Problem statement: The lines to copy run from the one containing "MM Double Logo cap black" to the end of the records below; repeat them exactly and include nothing else.

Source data
○ ○ ○ ○ ○ ○ ○
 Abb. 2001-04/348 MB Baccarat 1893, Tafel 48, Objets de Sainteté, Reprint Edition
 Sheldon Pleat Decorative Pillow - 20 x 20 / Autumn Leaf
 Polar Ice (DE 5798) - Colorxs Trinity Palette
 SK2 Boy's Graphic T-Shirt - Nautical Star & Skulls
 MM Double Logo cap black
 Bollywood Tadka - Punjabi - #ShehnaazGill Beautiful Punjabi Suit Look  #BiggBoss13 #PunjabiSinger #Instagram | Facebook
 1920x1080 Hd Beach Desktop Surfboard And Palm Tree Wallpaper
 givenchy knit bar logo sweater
○ ○ ○ ○ ○ ○ ○
Answer space:
 MM Double Logo cap black
 Bollywood Tadka - Punjabi - #ShehnaazGill Beautiful Punjabi Suit Look  #BiggBoss13 #PunjabiSinger #Instagram | Facebook
 1920x1080 Hd Beach Desktop Surfboard And Palm Tree Wallpaper
 givenchy knit bar logo sweater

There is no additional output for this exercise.